• [WORK TASK]
Copy down every line of the data that follows exactly. Omit the pictures.

• [THE DATA]
● ● ●
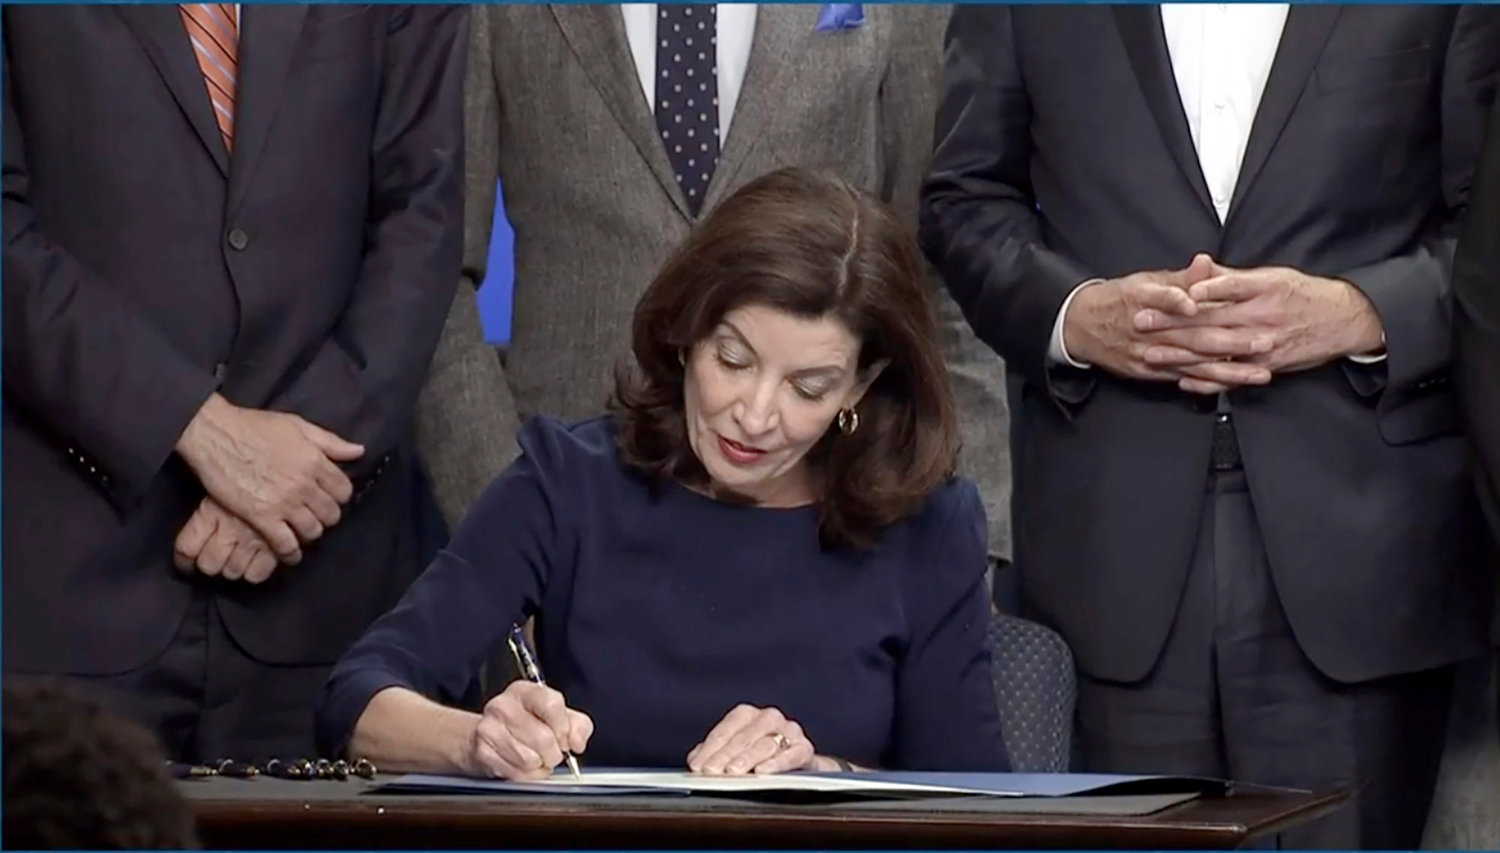 In this image taken from video, New York Gov. Kathy Hochul signs an executive order during a news conference, Wednesday, May 18, 2022, in New York.  New York would require state police to seek court orders to keep guns away from people who might pose a threat to themselves or others under a package of executive orders and gun control bills touted Wednesday by Hochul in the aftermath of a racist attack on a Buffalo supermarket.  (Office of the Governor of New York via AP)
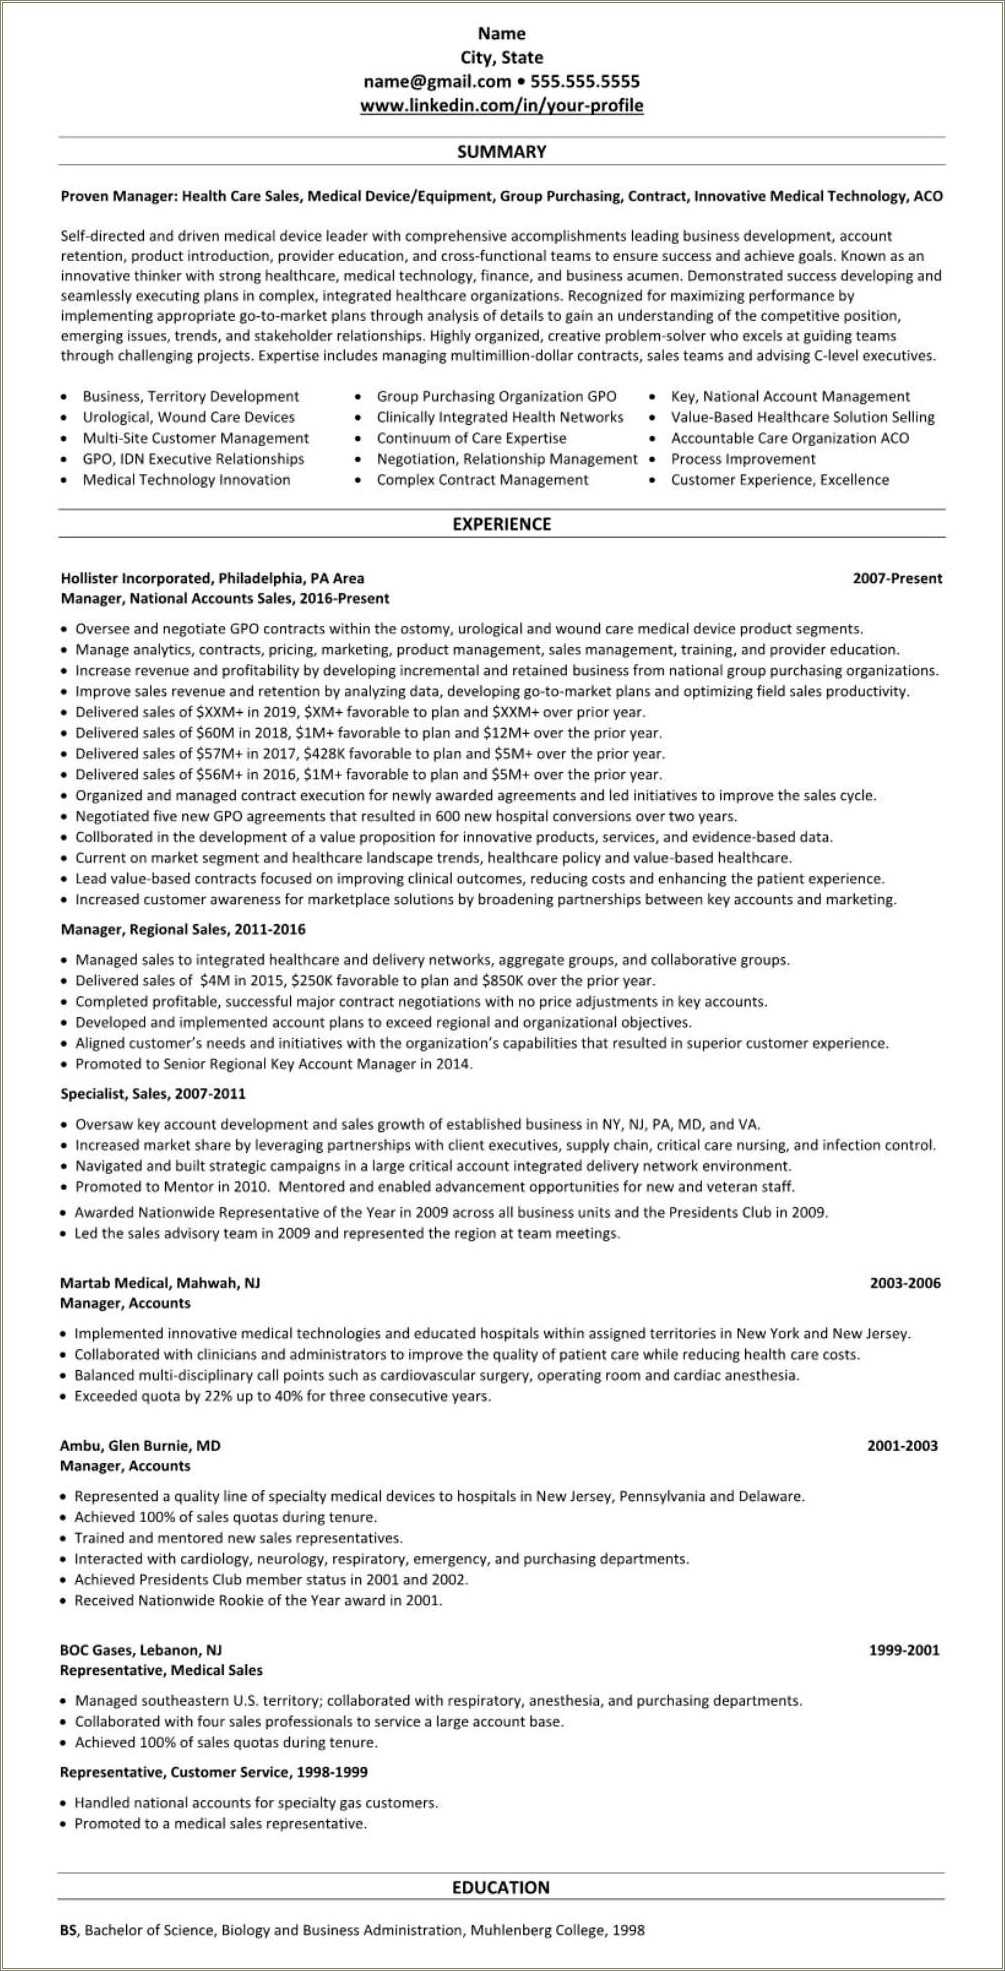 Ceo Medical Device Resume Example
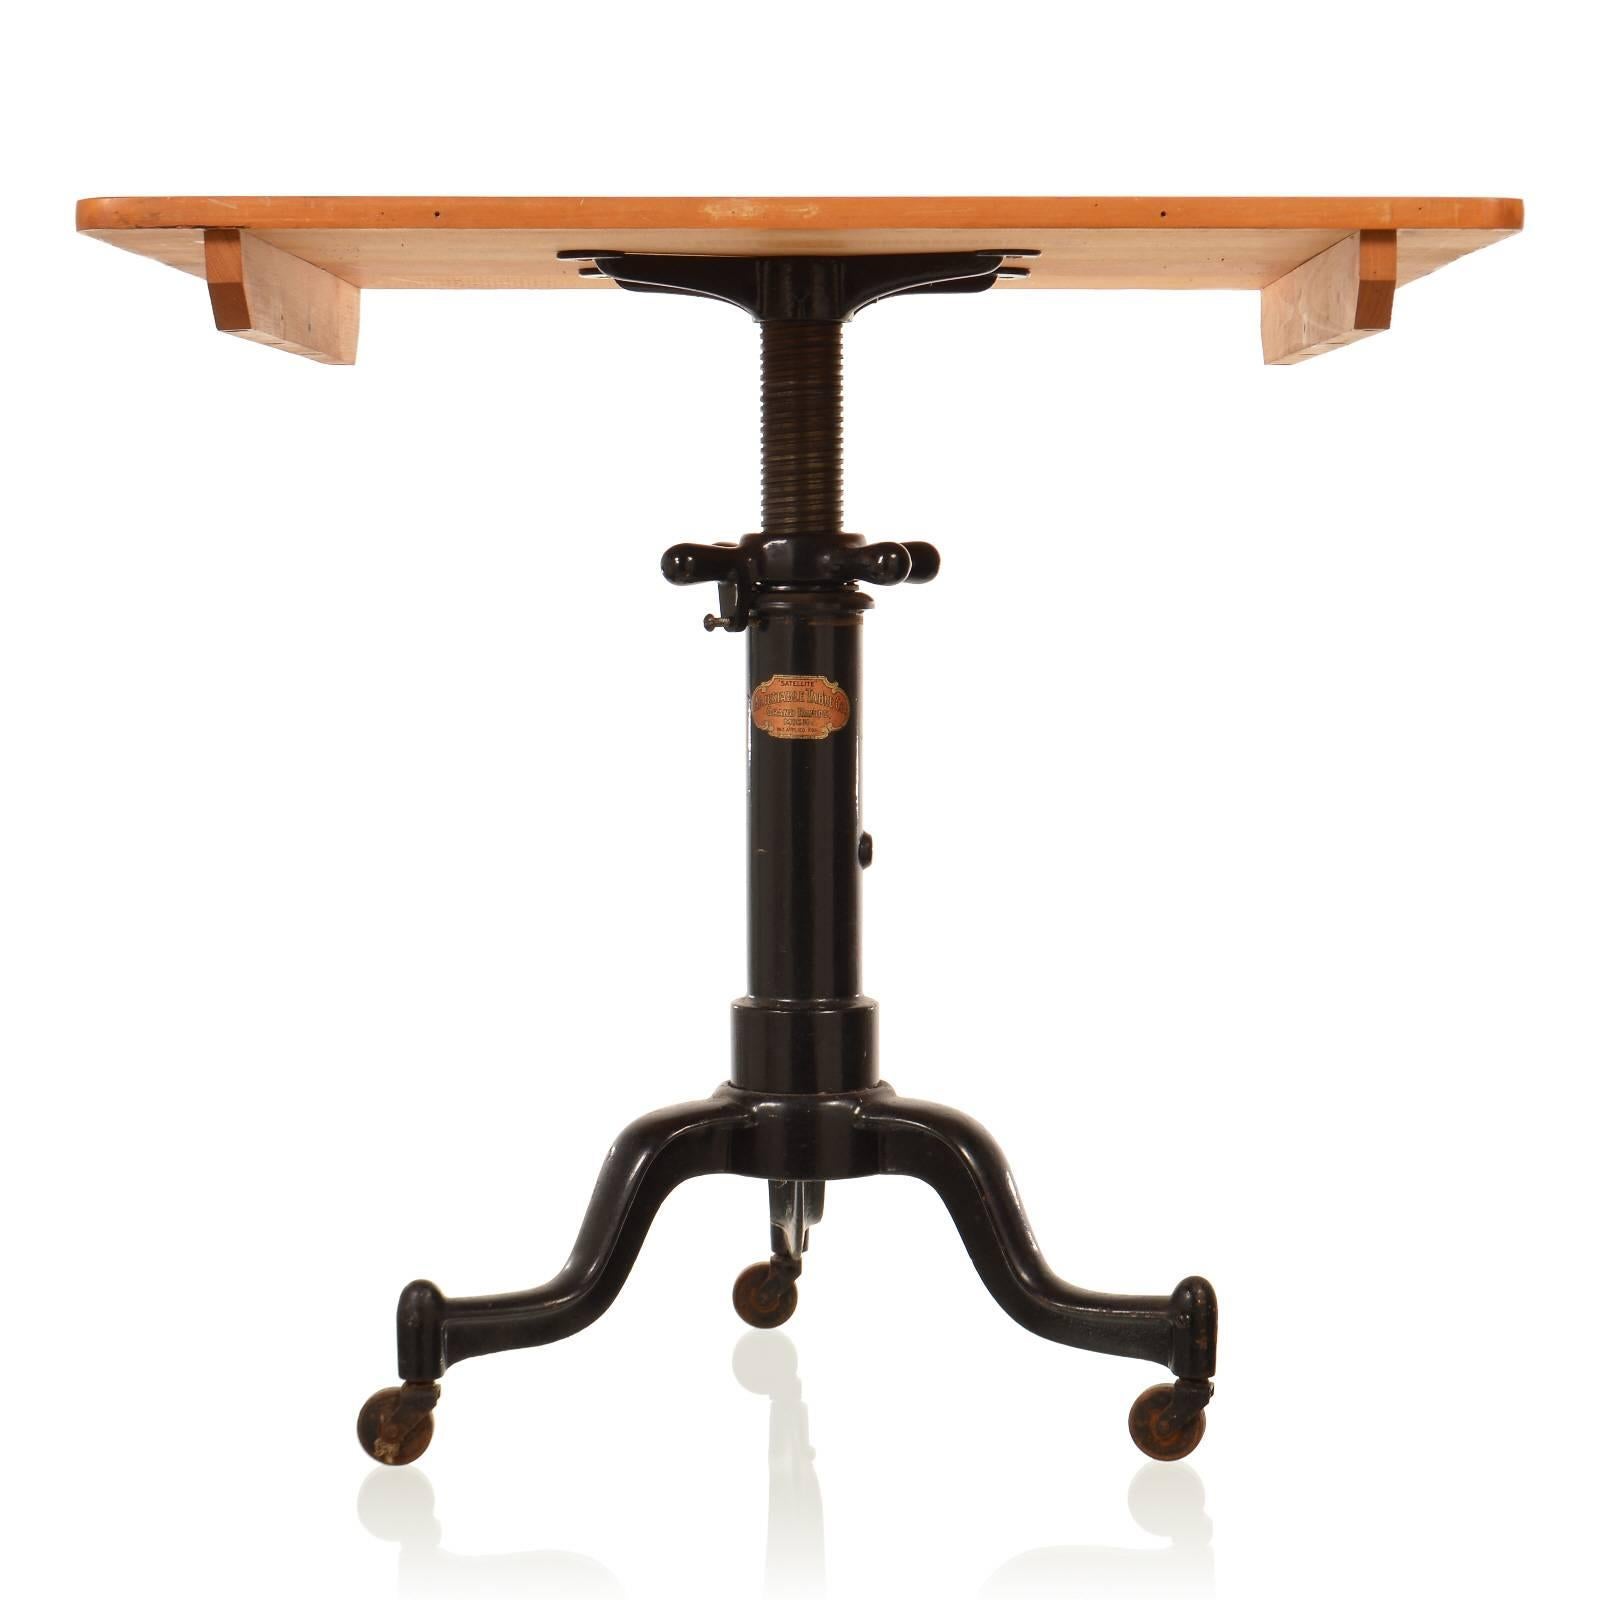 This is a marvelous antique table with a large flat groove screw base and tripod legs on steel casters. Made by the Adjustable Table Company of Grand Rapids, Michigan, this handsome 1890's industrial fixture was called the SATELLITE. Amazingly it
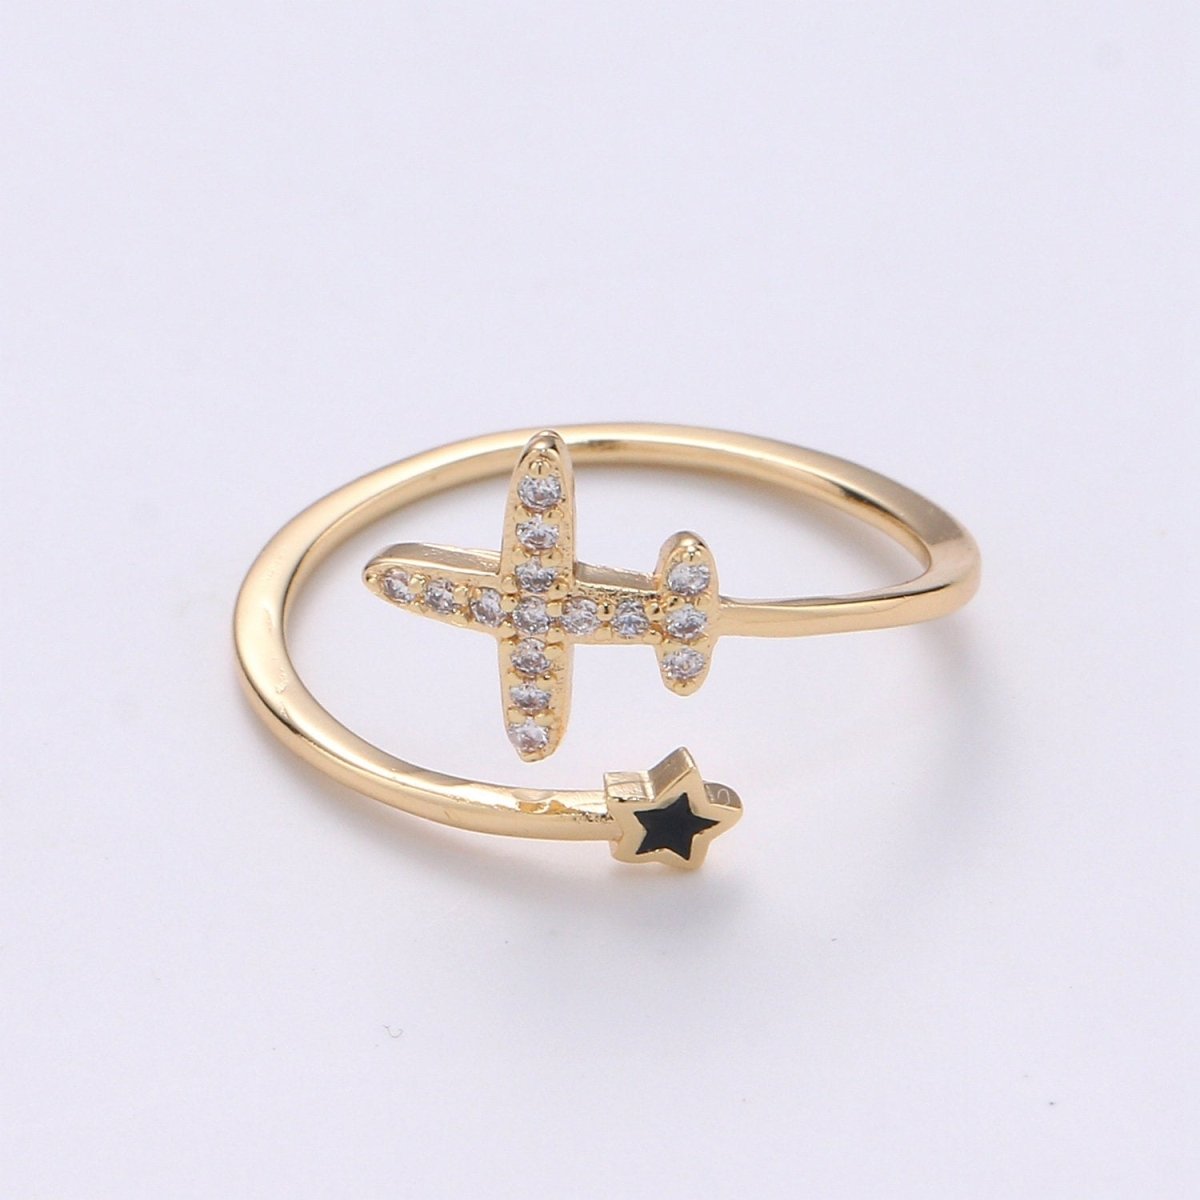 Dainty Airplane Ring, Plane Ring, Thin Open Ring Gift for Stewardess, Stackable Gold Ring, Travel Ring, Aviation Jewelry Adjustable Ring R-067 - DLUXCA
● ● ●
• [THE COMPLETED TASK]
 In this image taken from video, New York Gov. Kathy Hochul signs an executive order during a news conference, Wednesday, May 18, 2022, in New York.  New York would require state police to seek court orders to keep guns away from people who might pose a threat to themselves or others under a package of executive orders and gun control bills touted Wednesday by Hochul in the aftermath of a racist attack on a Buffalo supermarket.  (Office of the Governor of New York via AP)
 Ceo Medical Device Resume Example
 This is a marvelous antique table with a large flat groove screw base and tripod legs on steel casters. Made by the Adjustable Table Company of Grand Rapids, Michigan, this handsome 1890's industrial fixture was called the SATELLITE. Amazingly it
 Dainty Airplane Ring, Plane Ring, Thin Open Ring Gift for Stewardess, Stackable Gold Ring, Travel Ring, Aviation Jewelry Adjustable Ring R-067 - DLUXCA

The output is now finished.